- Founded: 20 November 1990
- Dissolved: 2001
- Merger of: CPN (Mashal) CPN (Fourth Convention) PWO CPN (Janamukhi)
- Succeeded by: CPN (Unity Centre–Masal)
- Electoral front: Samyukta Janamorcha Nepal
- Ideology: Communism Marxism–Leninism
- Political position: Far-left

= Communist Party of Nepal (Unity Centre) =

The Communist Party of Nepal (Unity Centre) was a communist party in Nepal. CPN (UC) was formed on 19–20 November 1990 through the merger of Communist Party of Nepal (Mashal), Communist Party of Nepal (Fourth Convention), Proletarian Workers Organisation, and Communist Party of Nepal (Janamukhi). Soon thereafter, a group led by Baburam Bhattarai and Shital Kumar, who had left Communist Party of Nepal (Masal), joined the party. Samyukta Janamorcha Nepal was set up as the open mass front of the party.

== History ==
In 1991, the party held its first convention. It adopted a line of "protracted armed struggle on the route to a new democratic revolution" and that the party would remain an underground party.

In 1992, in a situation of economic crisis and chaos, with spiralling prices as a result of implementation of changes in policy of the new Congress government, SJM and CPN (UC) stepped up their political agitation. A Joint People's Agitation Committee was set up together with the Communist Party of Nepal (Masal), the Nepal Communist League and the Communist Party of Nepal (Marxist–Leninist–Maoist). A general strike was called for 6 April.

Violent incidents began to occur on the evening ahead of the strike. The Joint People's Agitation Committee had called for a 30-minute lights out in the capital, and violence erupted outside Bir Hospital when activists tried to enforce the 'lights out'. At dawn on 6 April, clashes between strike activists and police outside a police station in Pulchok (Patan) left two activists dead. Later in the day, a mass rally of the Agitation Committee at Tundikhel in the capital Kathmandu was attacked by police forces. As a result, riots broke out, and the Nepal Telecommunications building was set on fire. Police opened fire at the crowd, killing several persons. The Human Rights Organisation of Nepal estimated that 14 people, including several on-lookers, had been killed in police firing.

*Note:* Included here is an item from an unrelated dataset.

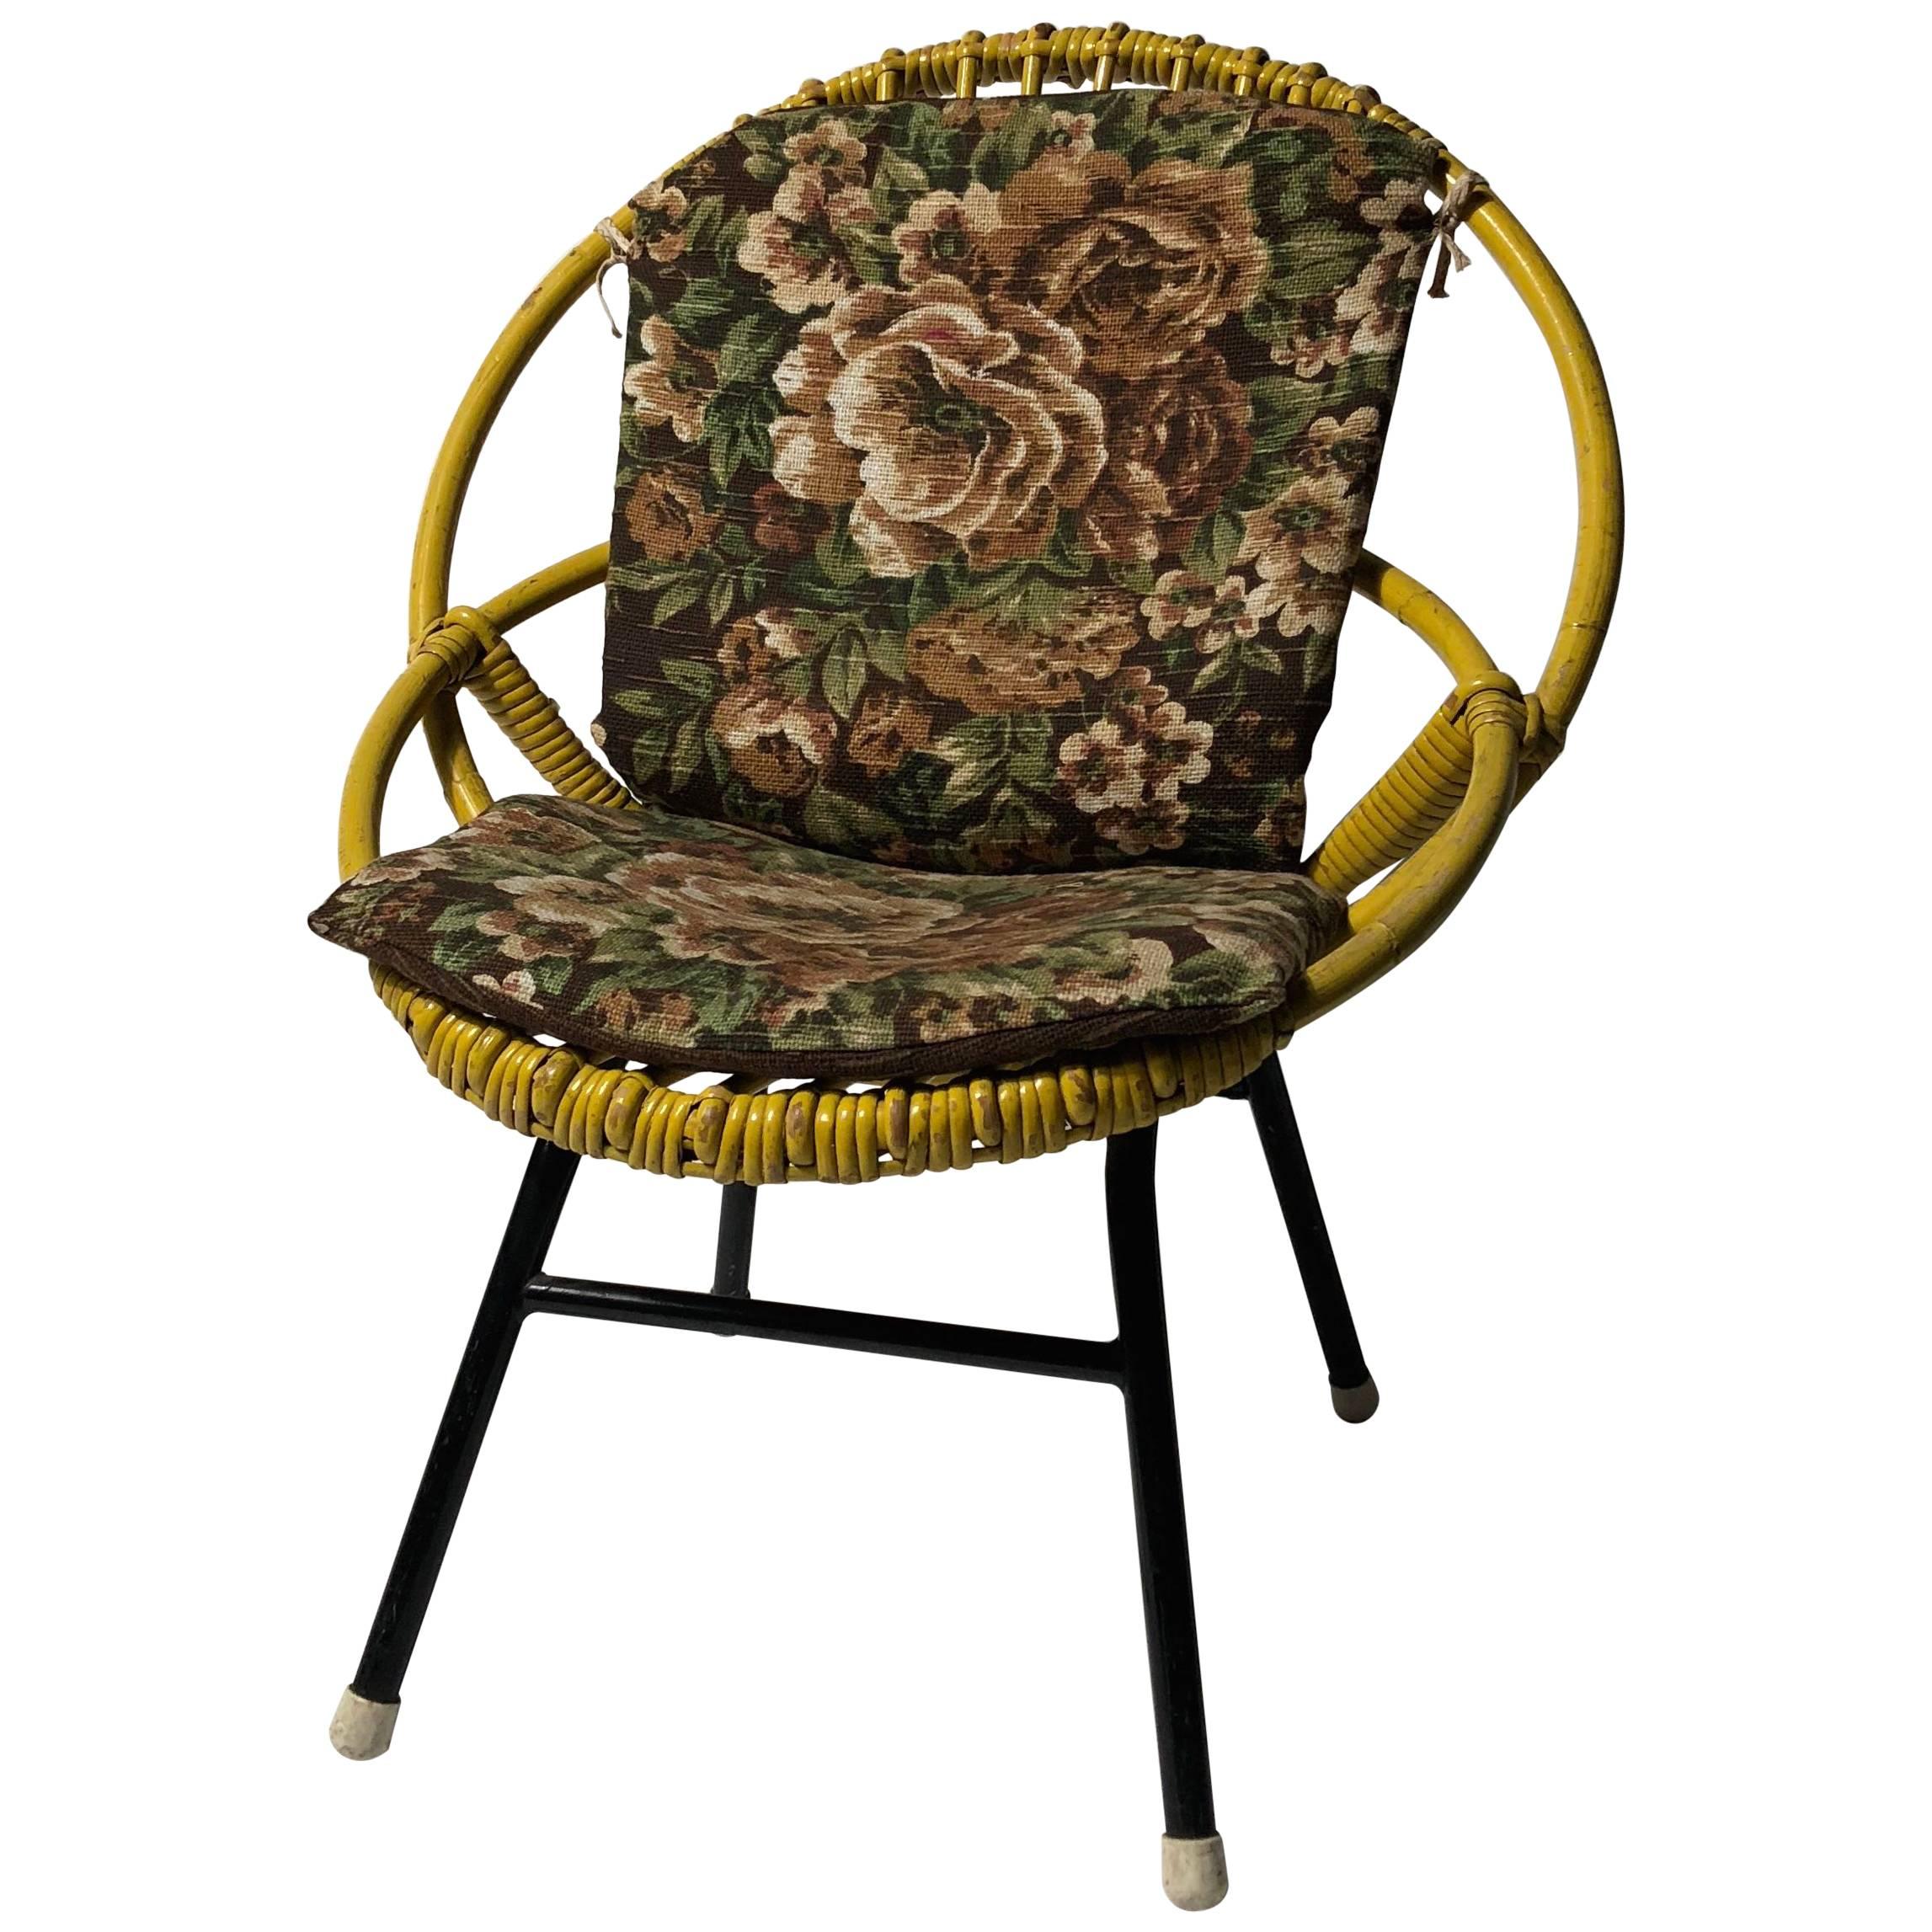 Rohé Noordwolde Children’s Chair 1950s Original Paint and Cushion For Sale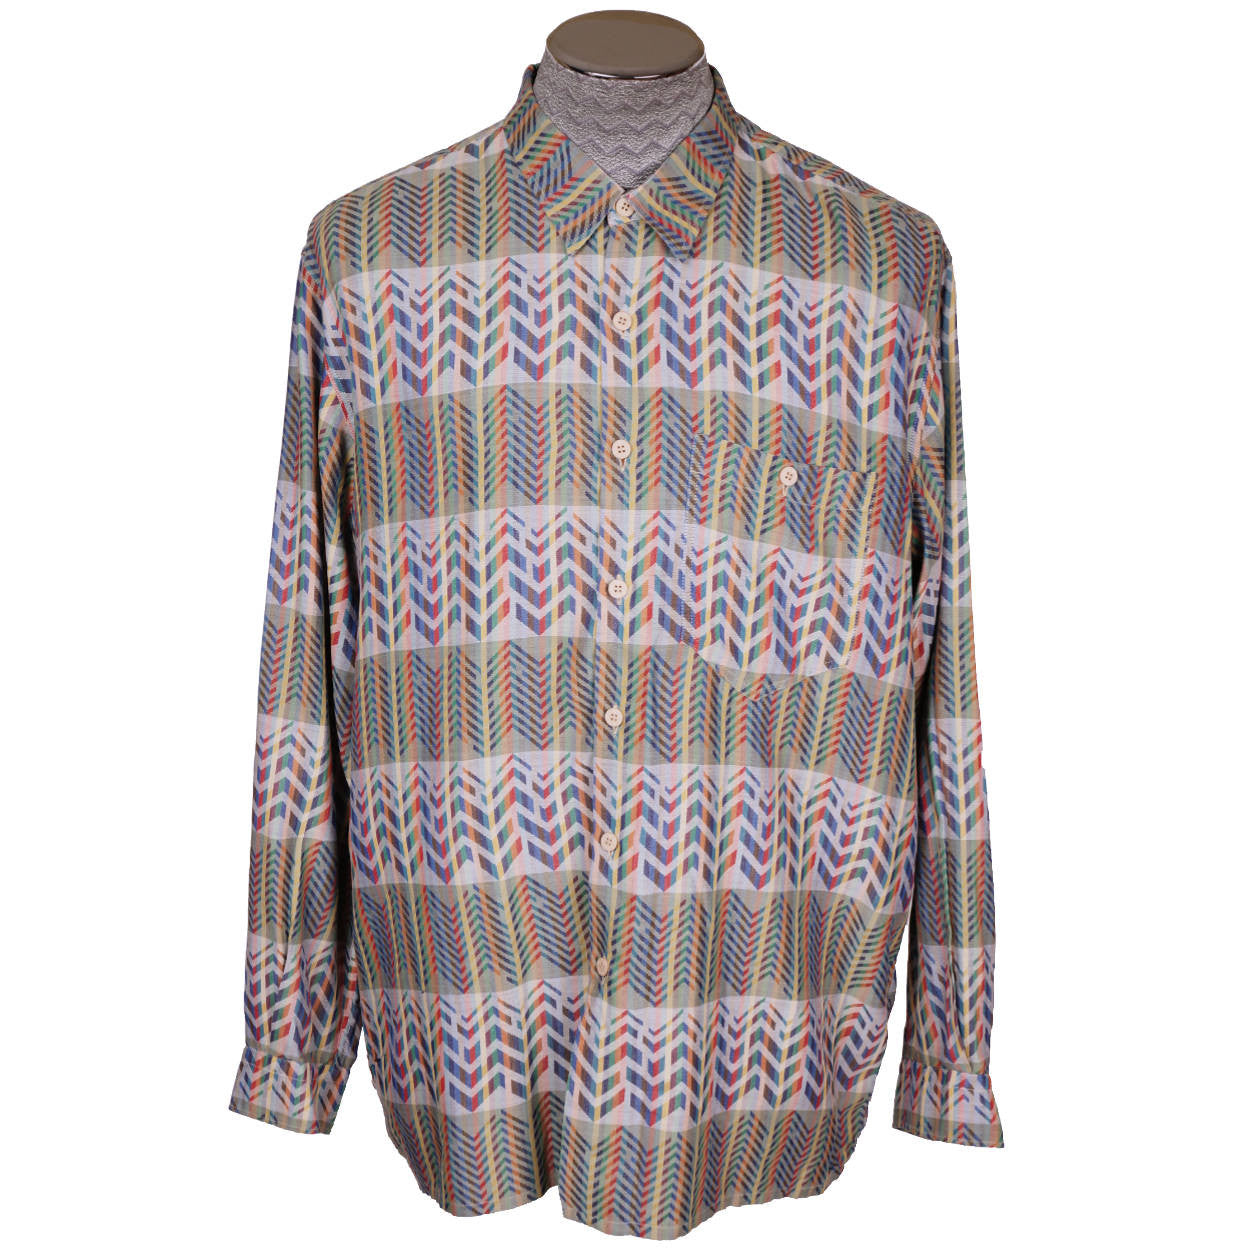 WARDROBE.NYC Classic Short-Sleeve T-Shirt - Bergdorf Goodman

In 1994, a group led by Baburam Bhattarai and Pushpa Kamal Dahal broke away from CPN (UC) and formed a parallel CPN-UC which took the name Communist Party of Nepal (Maoist) in 1996.

At the party convention held in Chitwan 16–18 December 2001, CPN (UC) decided to merge with Communist Party of Nepal (Masal). The merger became effective in early 2002, and the Communist Party of Nepal (Unity Centre–Masal) was formed.